> [WHAT TO WORK ON]: Would you please repeat all of the data exactly, omitting the pictures?

> [EXERCISE MATERIALS]:
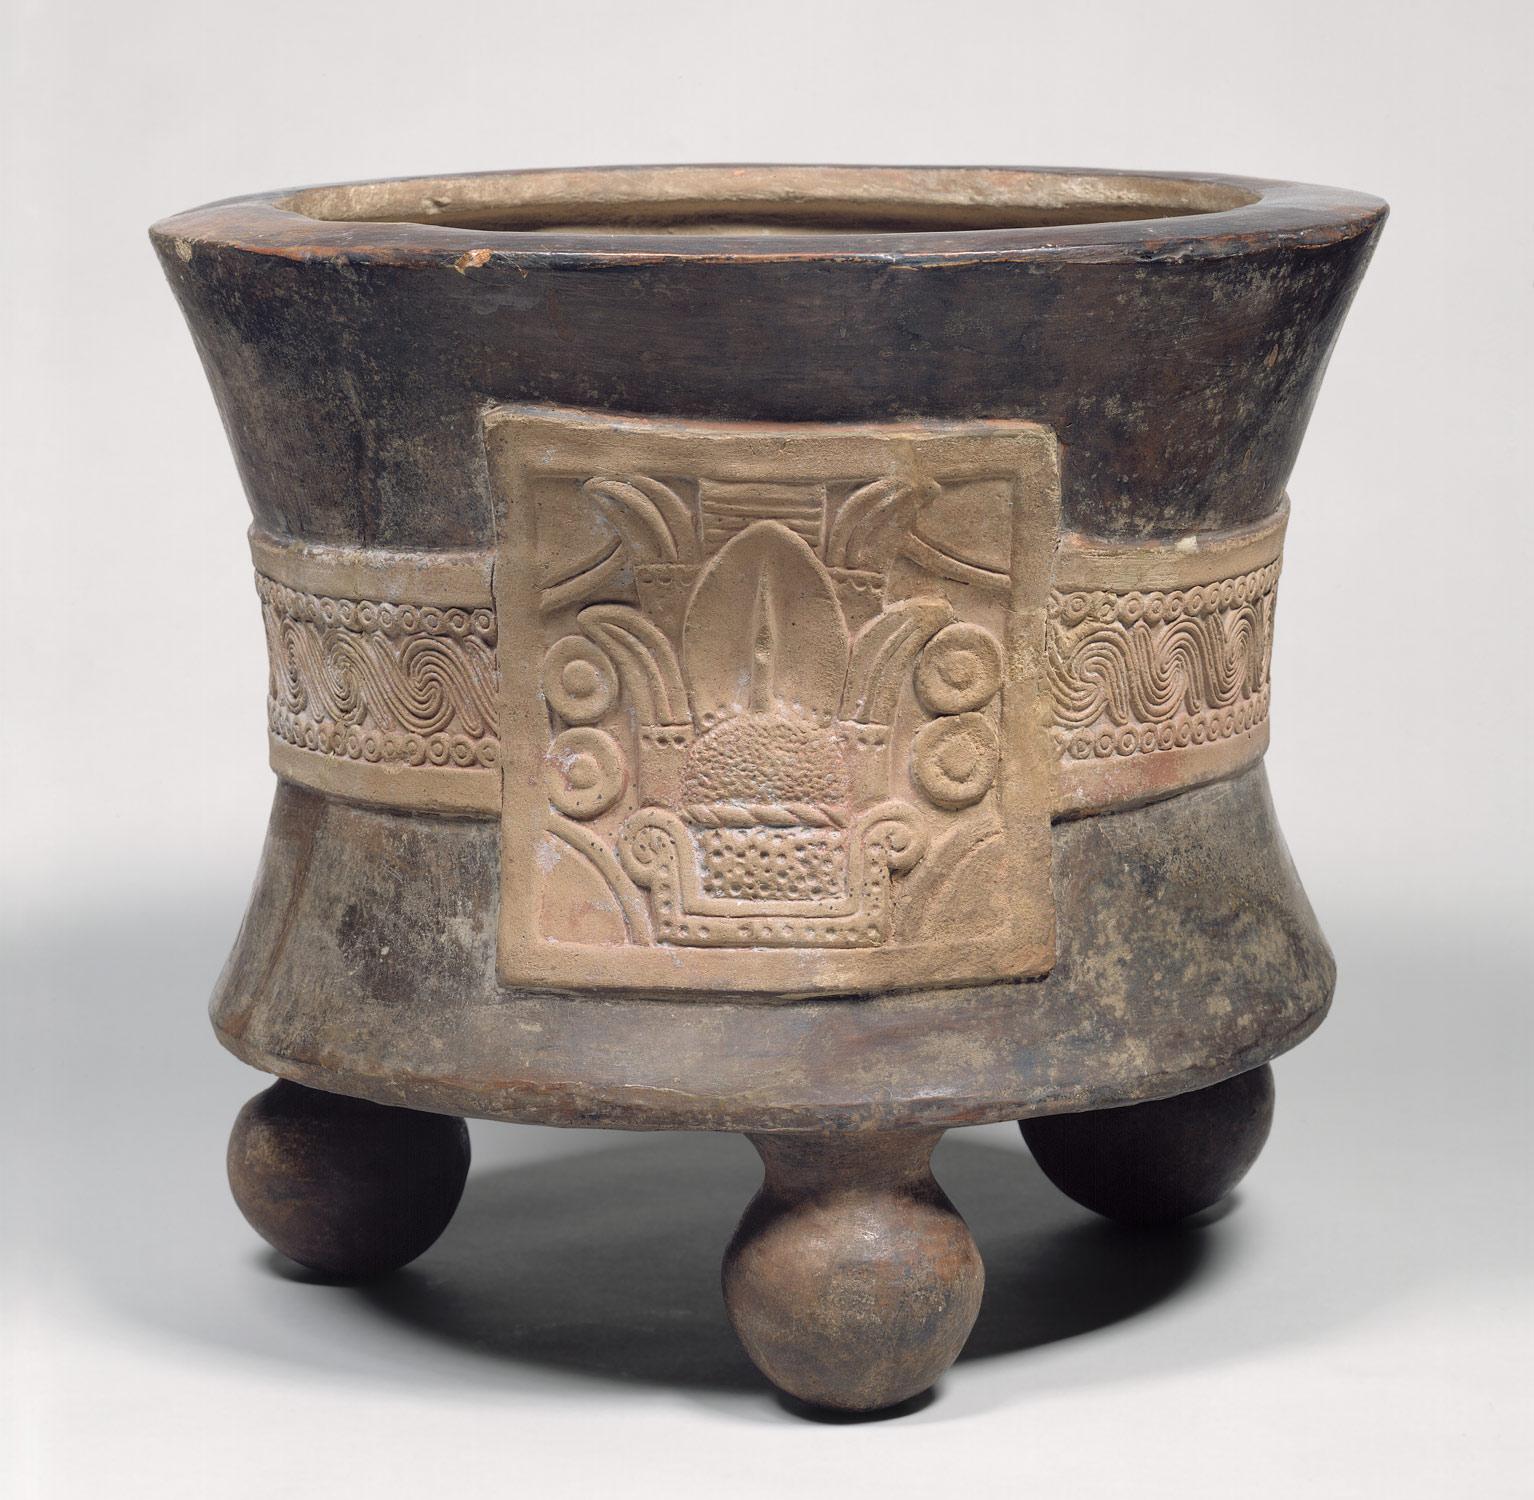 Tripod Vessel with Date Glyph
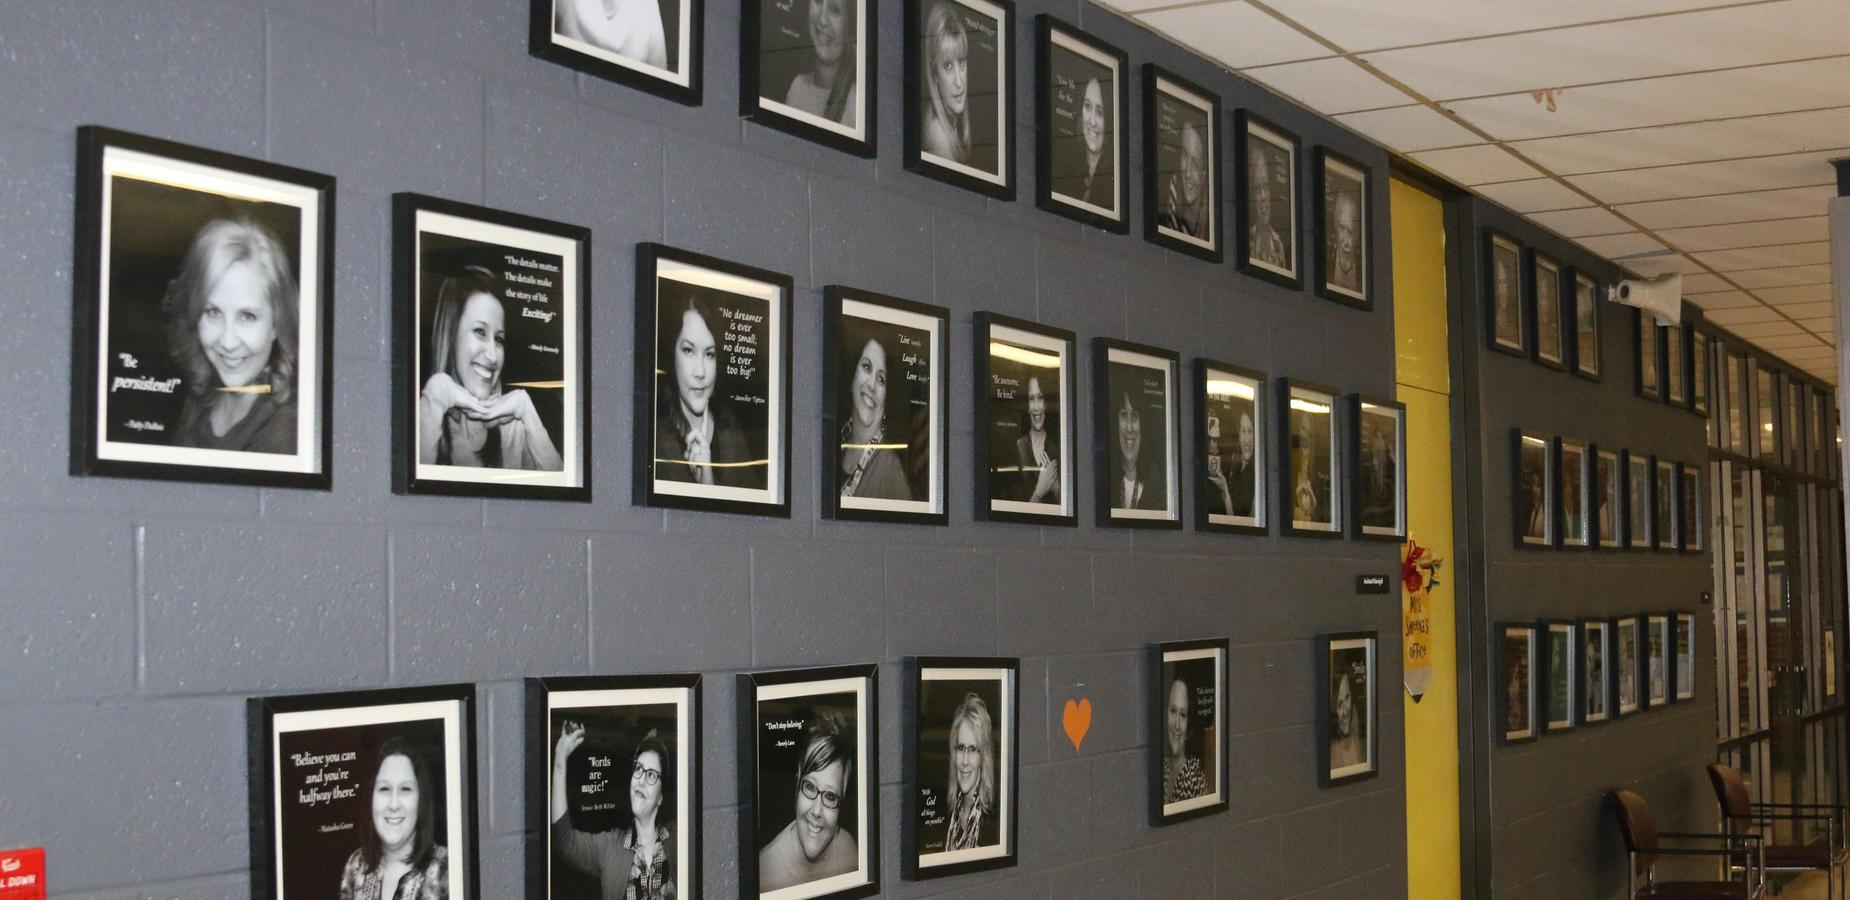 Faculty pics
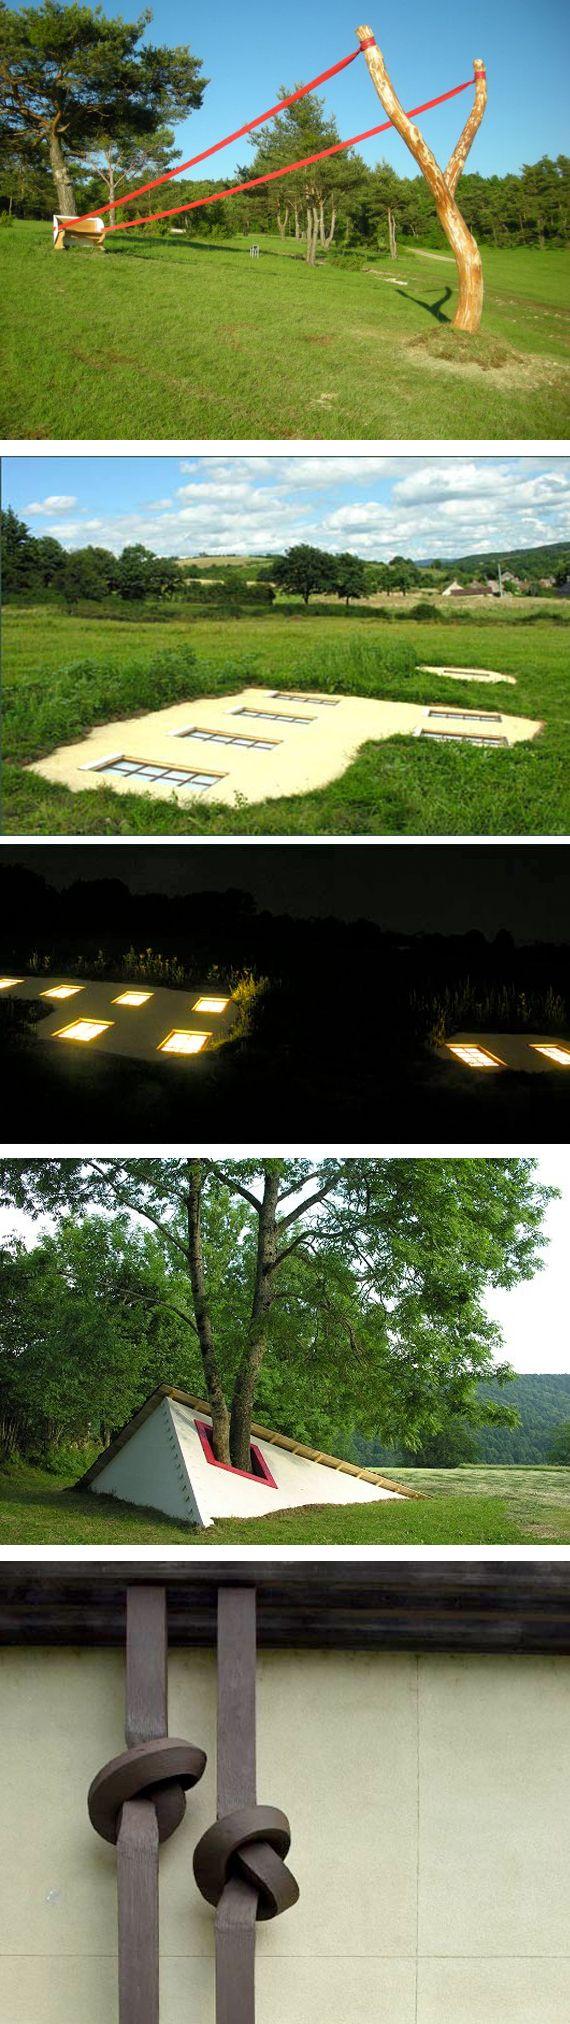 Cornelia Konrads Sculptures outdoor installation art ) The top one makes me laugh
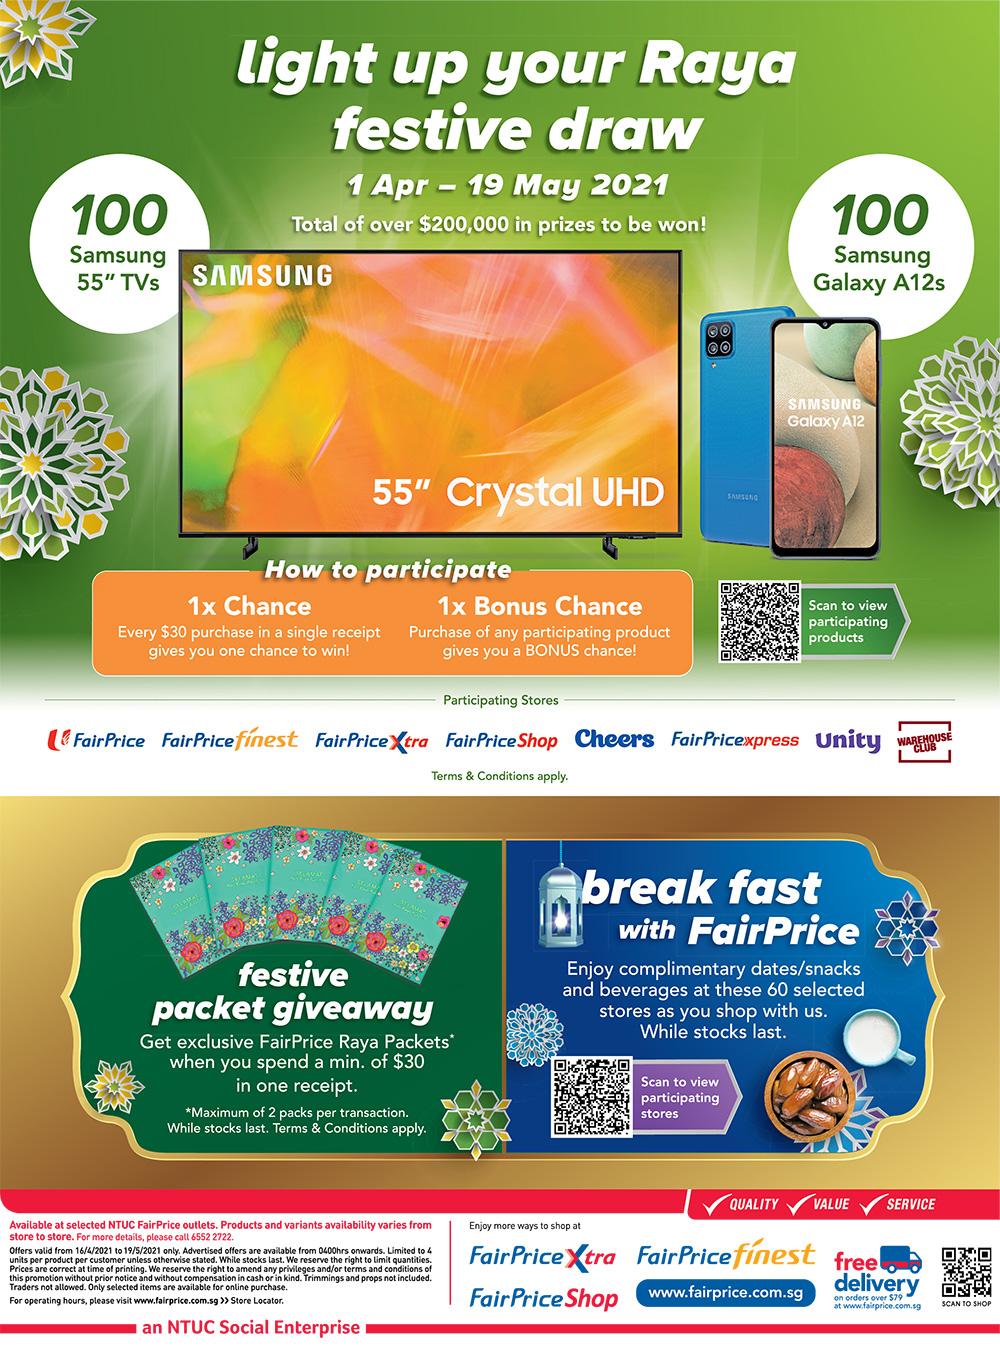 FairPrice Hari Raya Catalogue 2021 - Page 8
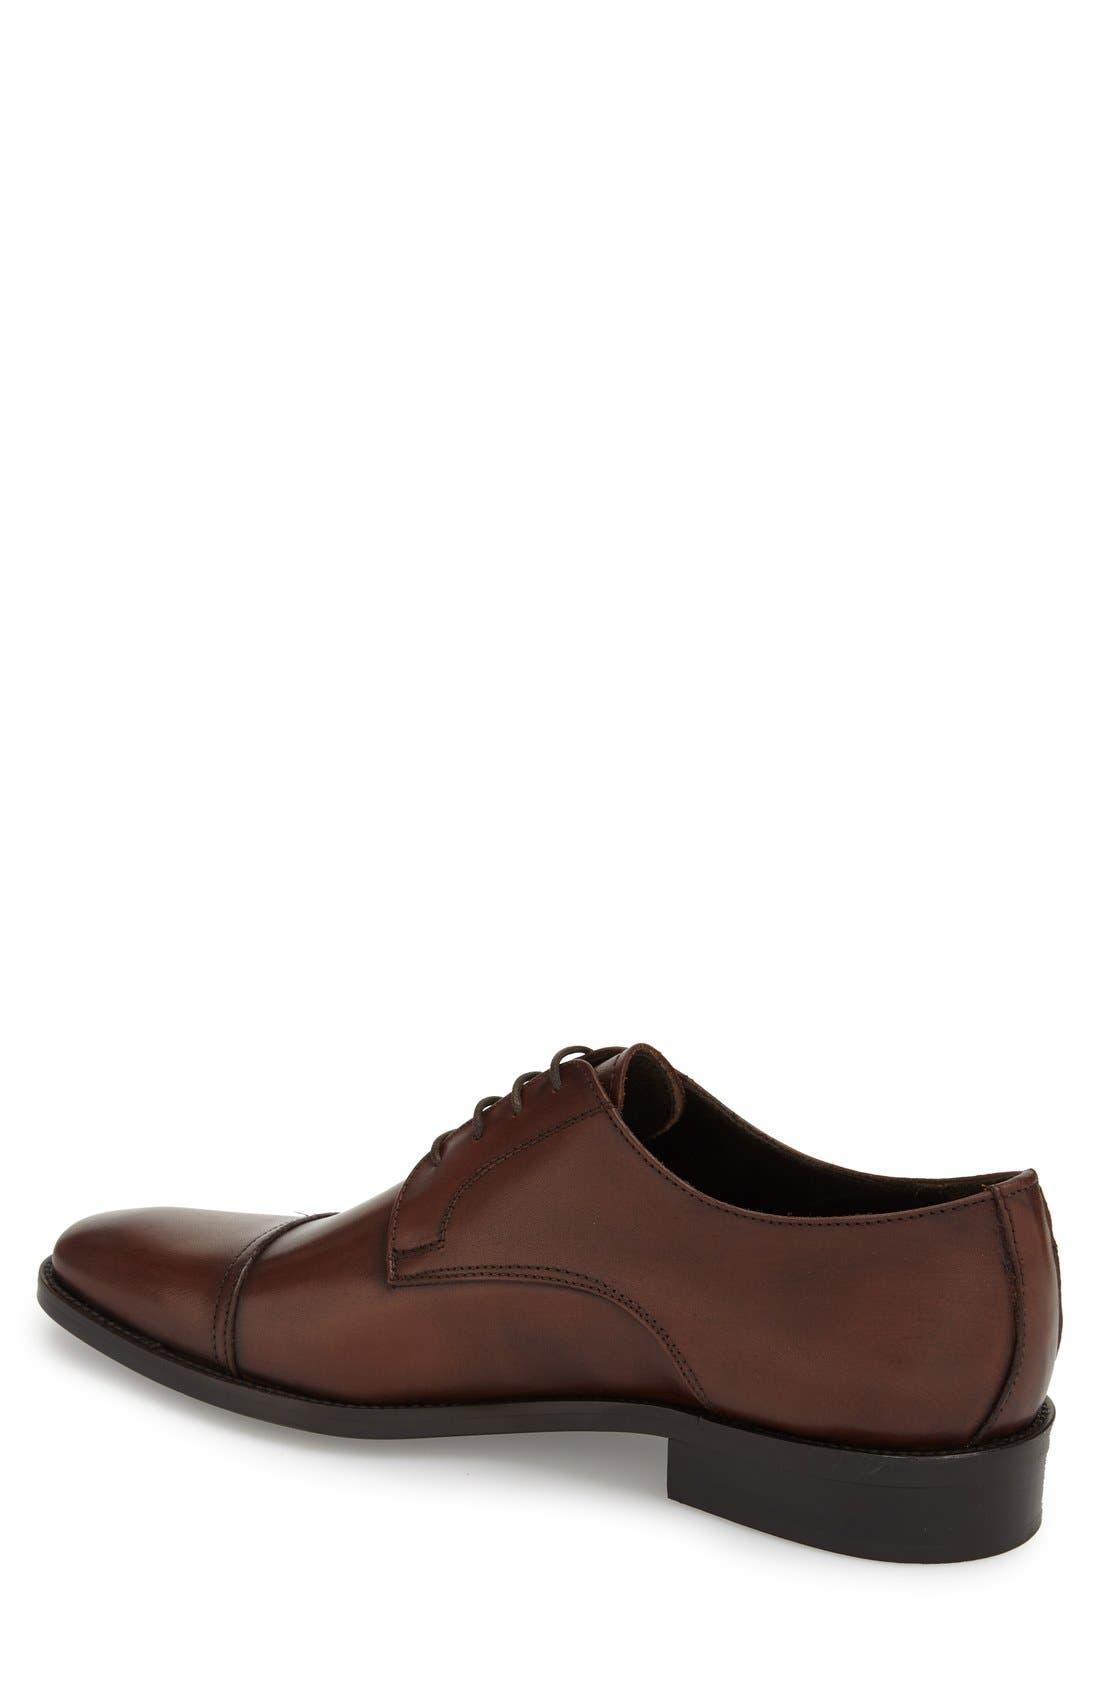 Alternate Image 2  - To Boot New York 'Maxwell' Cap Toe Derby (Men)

> [TASK ANSWER]:
 Tripod Vessel with Date Glyph
 Faculty pics
 Cornelia Konrads Sculptures outdoor installation art ) The top one makes me laugh
 FairPrice Hari Raya Catalogue 2021 - Page 8
 Alternate Image 2  - To Boot New York 'Maxwell' Cap Toe Derby (Men)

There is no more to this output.